Оба просто пожирали меня глазами, изнывая от любопытства. Им явно хотелось услышать какую-нибудь страшную историю, но так как я молчал, Михалыч решил подтолкнуть меня к разговору.

– Когда тебя привезли и положили, я подумал, что не жилец ты, паря, на белом свете! На лице ни кровинки. Лежишь весь белый, не шевельнешься, только дышишь. Три дня так лежал. И вот на тебе! Живой! – радостно поделился с нами своими переживаниями истопник.

– Три дня? – вопрос должен был подразумевать удивление, но мне было абсолютно все равно, сколько я здесь лежу. Три дня или три недели. Так как на данный момент это был самый незначительный странный факт из тех, что осознал мой ошеломленный мозг.

– Точно! Лежал. Михалыч правду говорит, – подтвердил Дмитрий. – Только стонал изредка. А так, как труп, даже не шелохнувшись ни разу. Как тебя угораздило, парень, так головой стукнуться?

Я перевел на него взгляд и тихо сказал:

– Не помню.

Слесарь-ремонтник переглянулся с истопником, потом оба уставились на меня с явным сочувствием.

– Тебе что, парень, память совсем отшибло? – наконец поинтересовался Михалыч.

Отвечать я не стал, а вместо этого спросил:

– Какое сегодня число?

– Семнадцатое августа, – тут же отозвался слесарь-ремонтник.

– А год… какой?

Мне был известен год, но мне нужно и важно было подтверждение со стороны того, что я и так знал. Вернее, знал Костя Звягинцев. Зачем мне это было? Честное слово, не знаю. Просто хотел услышать от постороннего человека.

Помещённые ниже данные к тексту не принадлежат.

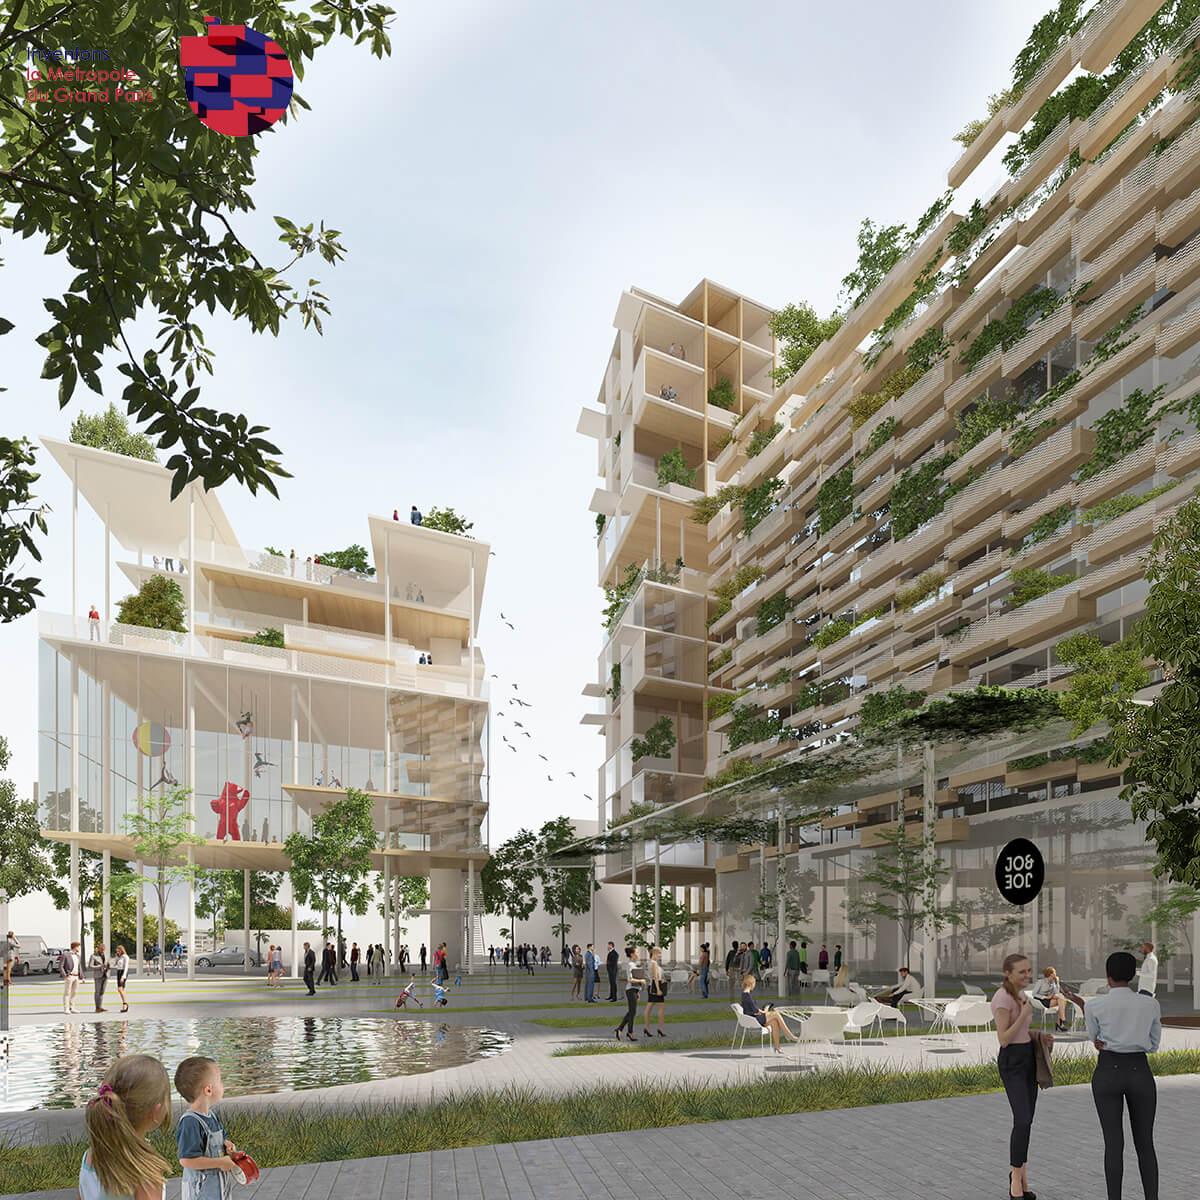 ©Les Lumières Pleyel / Sogelym - Snøhetta - Baumschlager Eberle Architekten - Ateliers 2/3/4/ - Chaix & Morel et Associés - Mars architectes - Maud Caubet Architectes - Moreau Kusunoki

– Сороковой год, – задумчиво протянул Михалыч, вглядываясь в меня, и, немного помолчав, добавил: – Знаешь, парень… Был такой случай у меня. Помню, в девятнадцатом году нашему комэску в бою под Красным так дали по голове, что он только через сутки в себя пришел и тоже, как ты, сидел полдня и, словно дурень, глазами хлопал.

Истопник, по-видимому, ожидал, что этот интересный случай вызовет вопросы, но так как никакой реакции не последовало, наступила неловкая тишина, к тому же, отведя взгляд, я уставился в потолок, всем своим видом показывая нежелание продолжать разговор. Михалыч, пожав плечами, надел круглые очки и принялся читать газету. Дмитрий еще какое-то время поглядывал на меня, потом встал и, подойдя к распахнутому окну, сел на подоконник и стал слушать музыку духового оркестра, которая неслась из громкоговорителя, подвешенного где-то снаружи.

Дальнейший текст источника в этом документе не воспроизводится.